I know in my heart there isn't necessarily one perfect place for each kid. Many colleges would nurture their hearts, minds, and souls, or, if they choose a secular school, many places have Newman centers or church communities that would feed their souls while they learn. And the tuition? I'm still optimistic about aid. Maybe blindly so.
This topic is sure to occupy more of my attention as the year goes on.
3. Our first parents: We've been going to a small group meeting on the Catholicism series by Fr. Barron at our parish. Every other Saturday we meet to watch a part of the videos, have wine and cheese, and talk about the questions in the study guide. Last Saturday's session was about Aquinas' proofs from God, and one of the questions led to a discussion of Genesis and evolution. I said something about reading the Genesis account figuratively. I'm no creationist, and it seems to me that the order of creation in Genesis seems to correspond with roughly the story of creation told by secular scientists: light and darkness, land and water, fish and birds, land animals, people.

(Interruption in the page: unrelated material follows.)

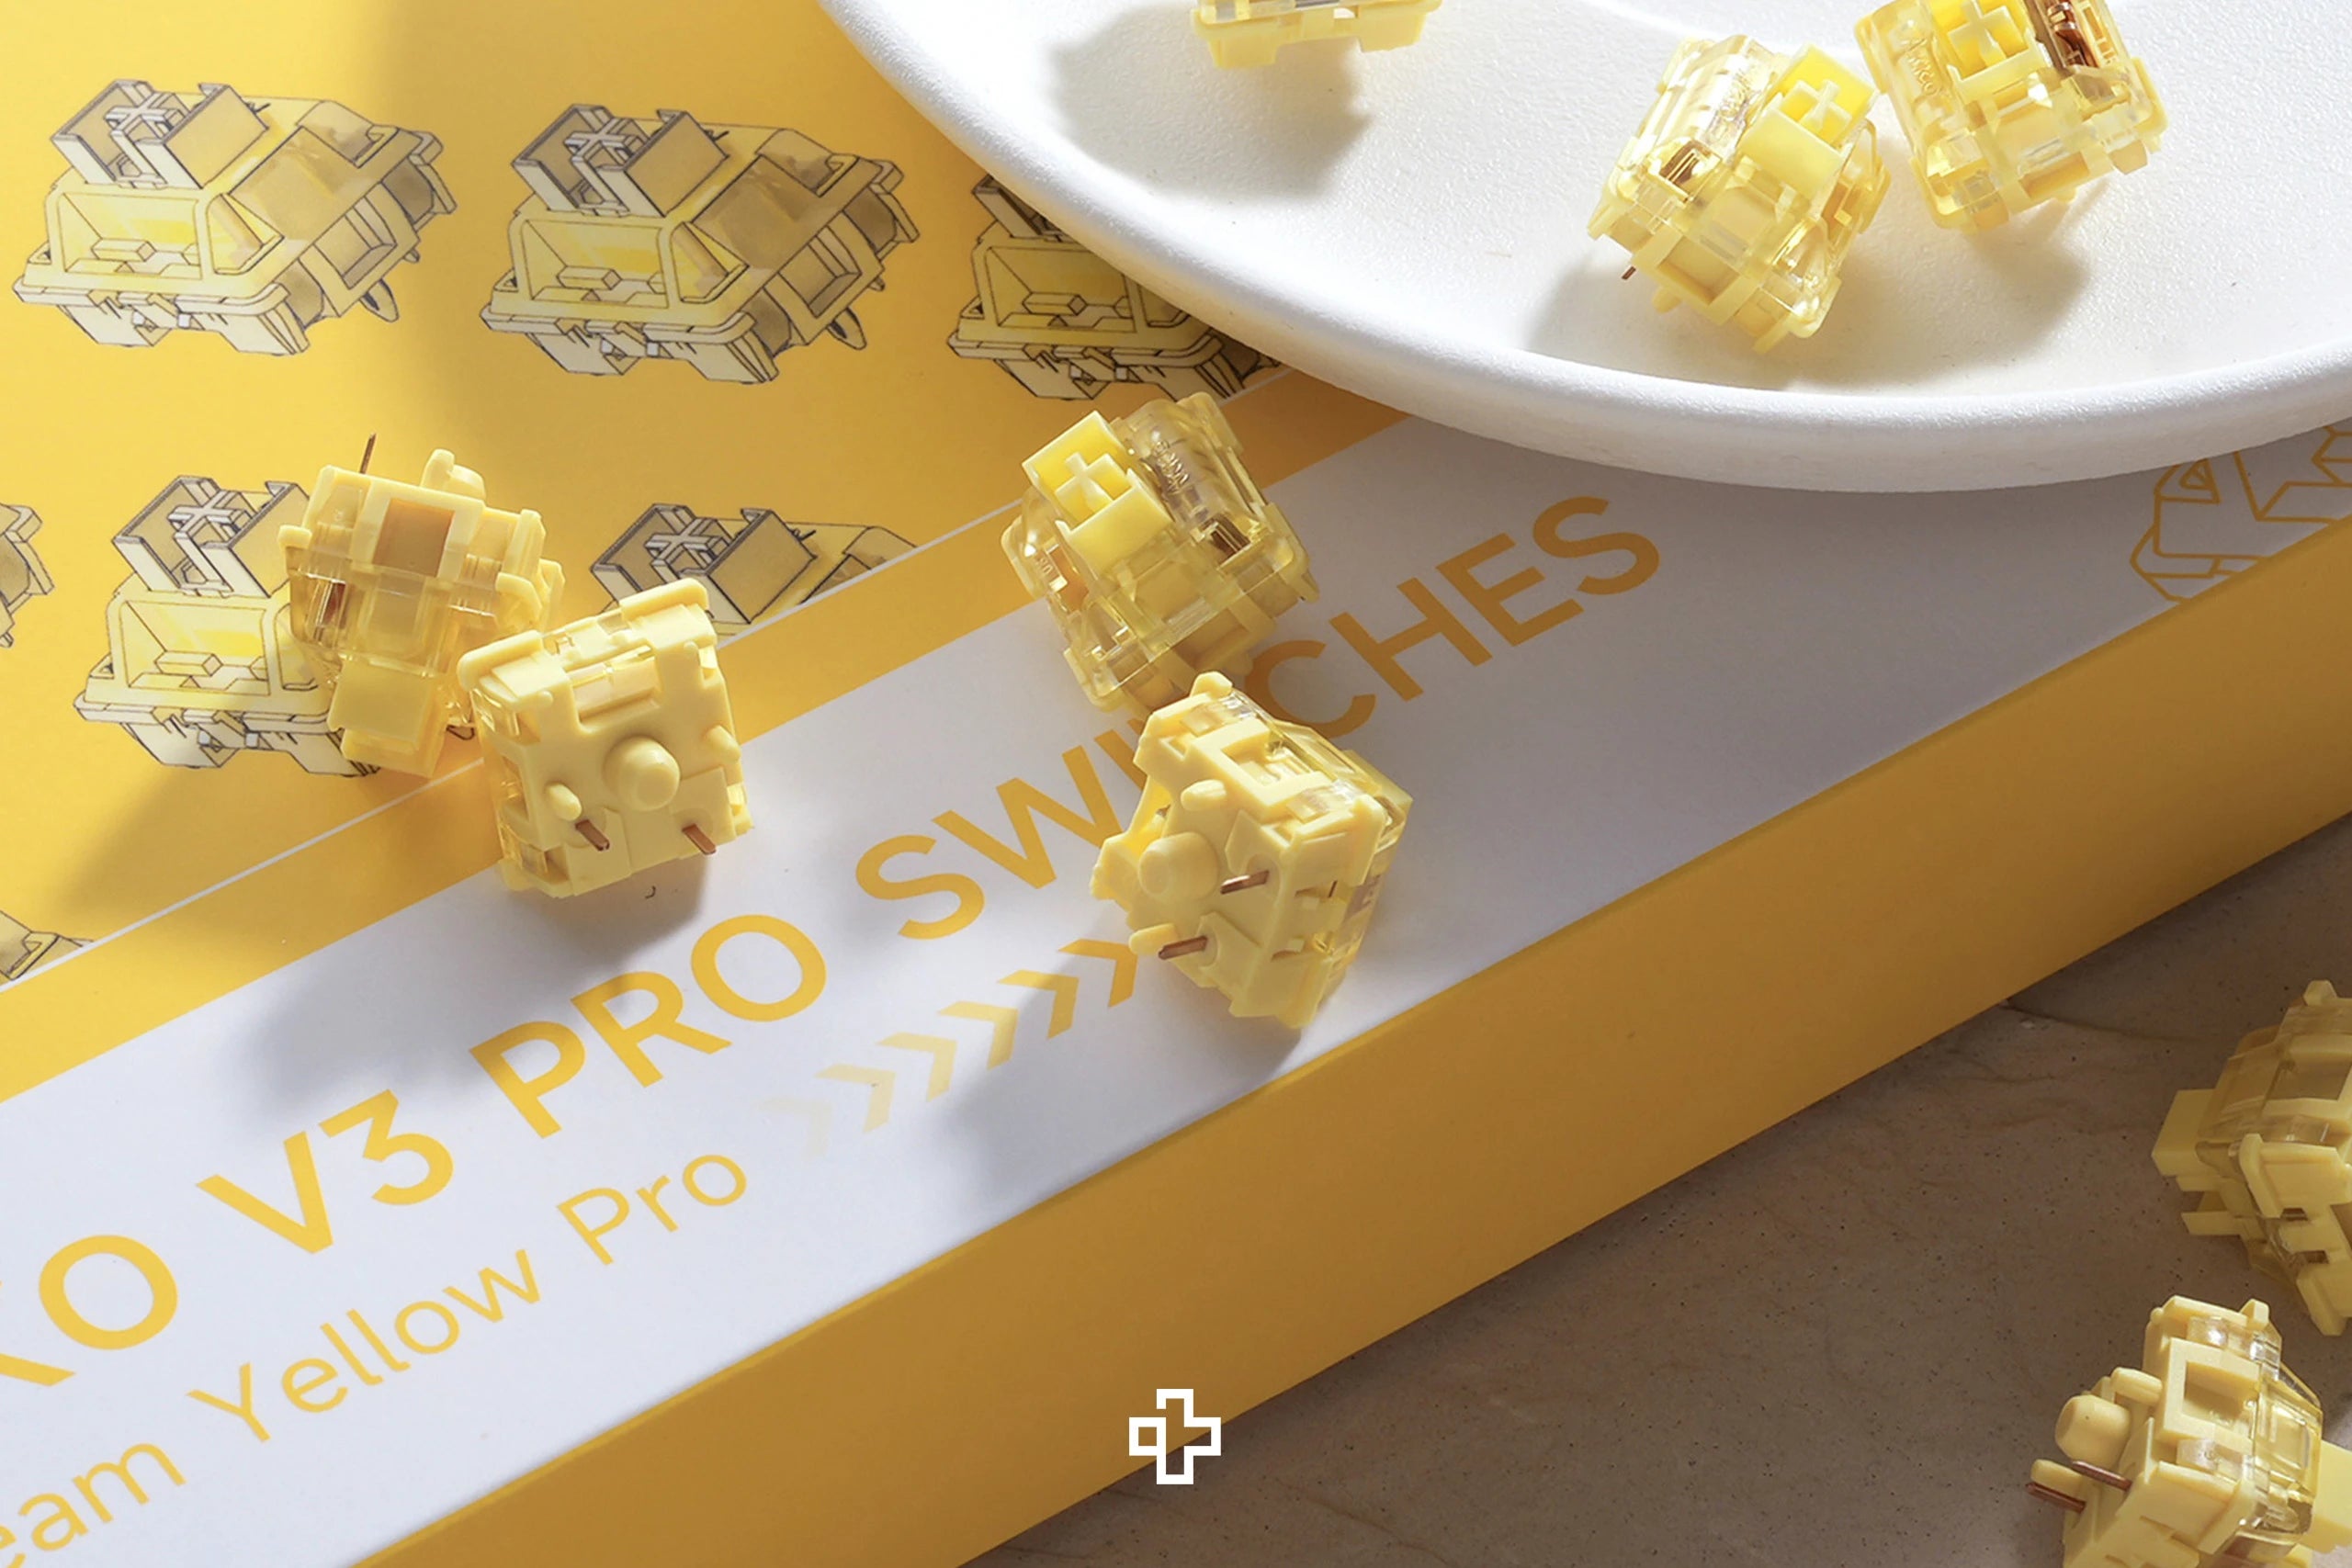 45 db Cream Yellow Pro Akko Switches

But one member of our group declared, "Well, you have to believe in the Adam and Eve" and referred to Humani Generis, Pope Pius XII's document from 1950. Both his tone and positivism irked me a bit, so I did a little research.
Here's what I found:
A summary of a priest from Berkeley's thoughts.

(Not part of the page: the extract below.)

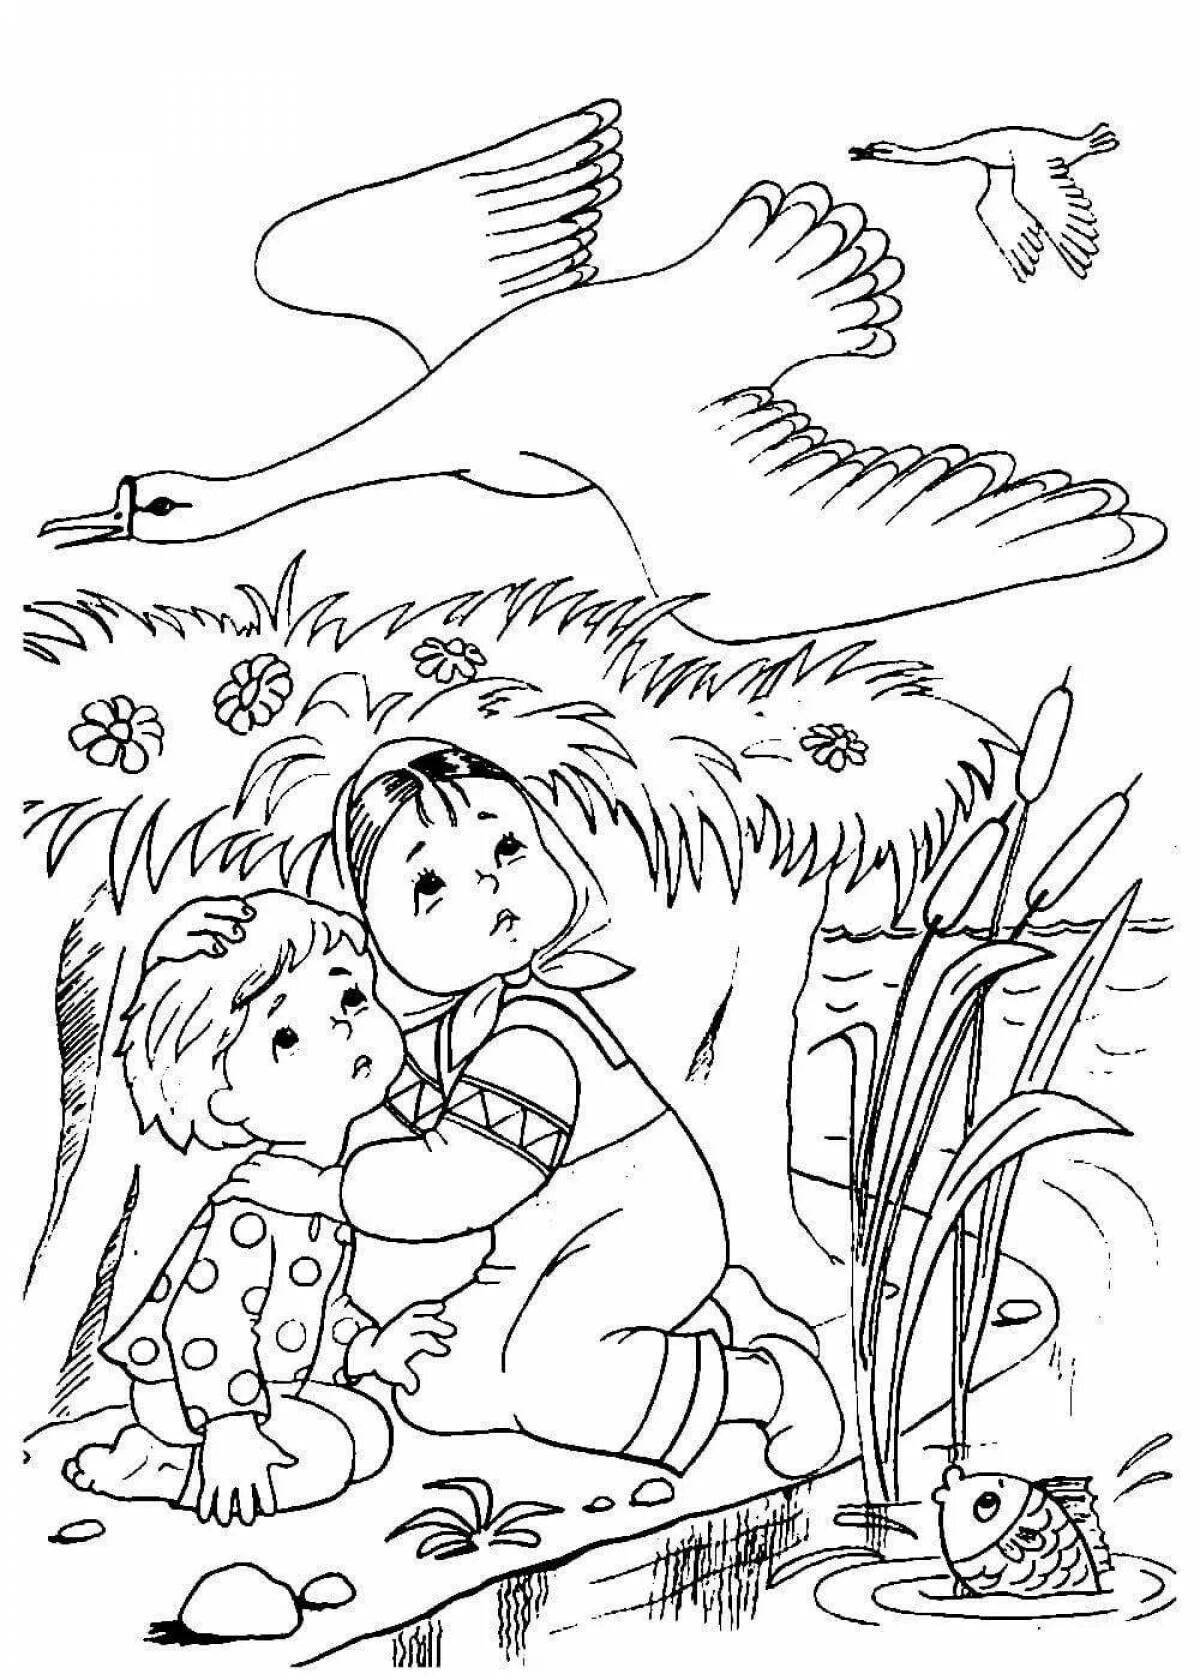 Картинки из сказок раскраски. Сказка-раскраска. Гуси-лебеди. Раскраски к сказке гуси лебеди для детей. Раскраска по сказке гуси лебеди для детей. Гуси лебеди Иванушка раскраска.

The Catechism: "How to read the account of the fall
390 The account of the fall in Genesis 3 uses figurative language, but affirms a primeval event, a deed that took place at the beginning of the history of man.264 Revelation gives us the certainty of faith that the whole of human history is marked by the original fault freely committed by our first parents.265"
Fr. Longenecker's more vernacular explanation.

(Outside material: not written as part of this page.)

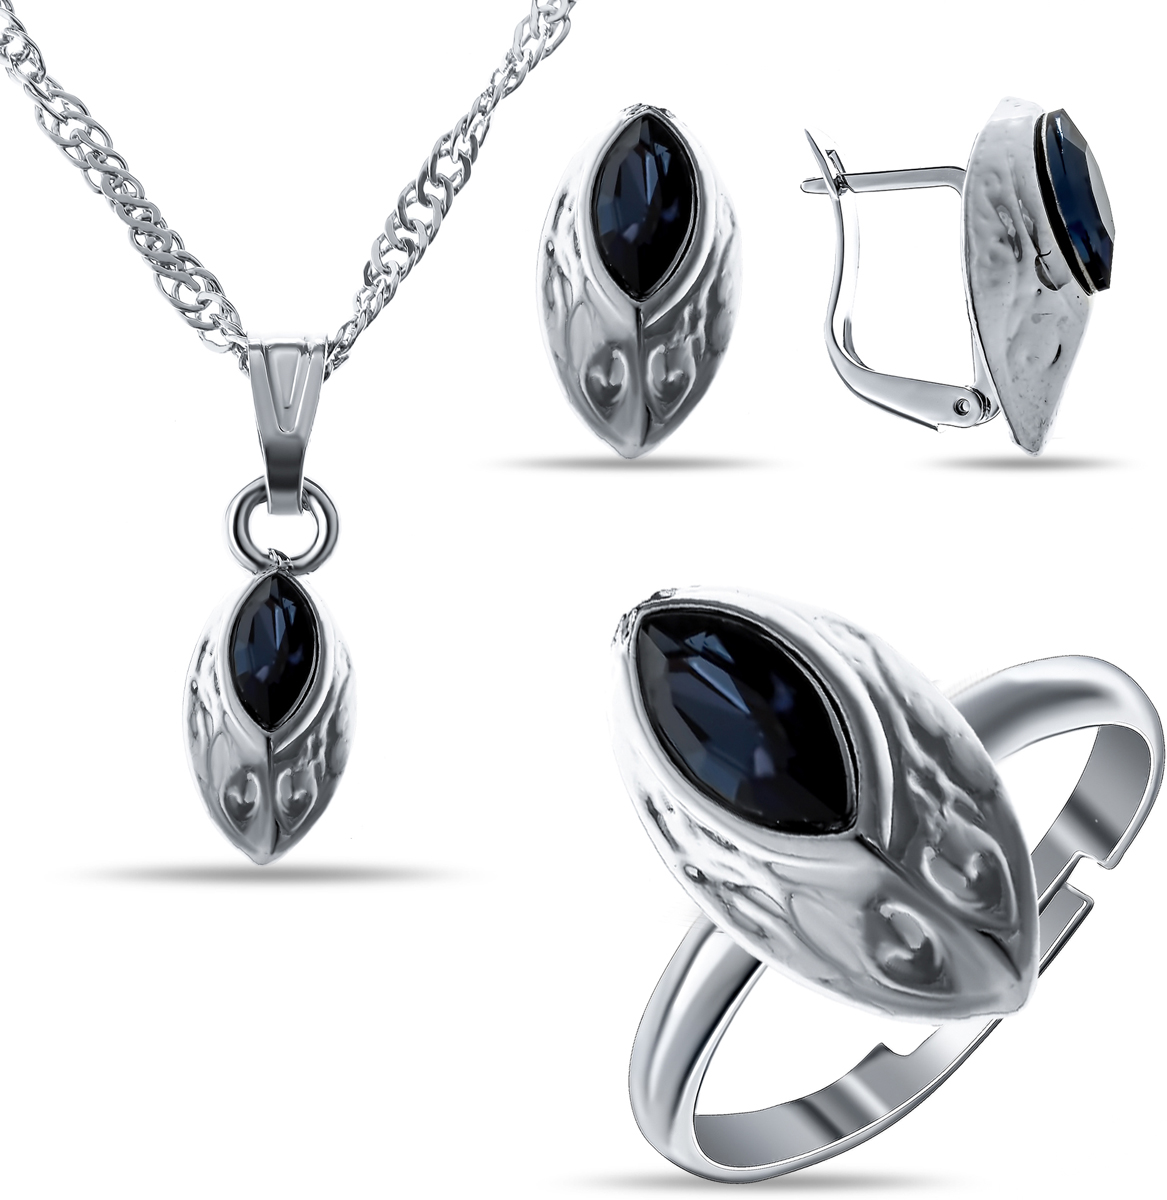 Комплект украшений Teosa: колье, серьги, кольцо, цвет: синий, серебристый. T-SET-138

If I think about this too hard, my head begins to spin. And to what extent does the timing of creation really matter? Sometimes I wonder if my faith suffers from a tendency to de-personalize God, to make Him into a metaphor. I don't hesitate to believe that God exists, but I struggle to identify with or to feel the loving language of relationship with God that some writers use, as is the idea that "God wills" certain events. I prefer "God allows." But "I prefer" sounds so ego-centric. Humility in this: "I don't know."
4. Downton Abbey: I think I'm done with this show. We watched the first episode of Season 4, and then I read spoilers about the 2nd. I don't think I want to commit any more time to watching. I'd rather read a good book. And then the high schoolers have gotten into watching BBC Sherlock Holmes episodes, which are pretty fun, too.
5. Interesting articles about literature I came across lately: http://www.patheos.com/blogs/goodletters/2014/01/the-contemporary-novel-of-belief-part-2/
http://dgmyers.blogspot.com/2014/01/academe-quits-me.html
Both of these are two part posts.
And now to get back to work on more pressing things, like dishes and laundry.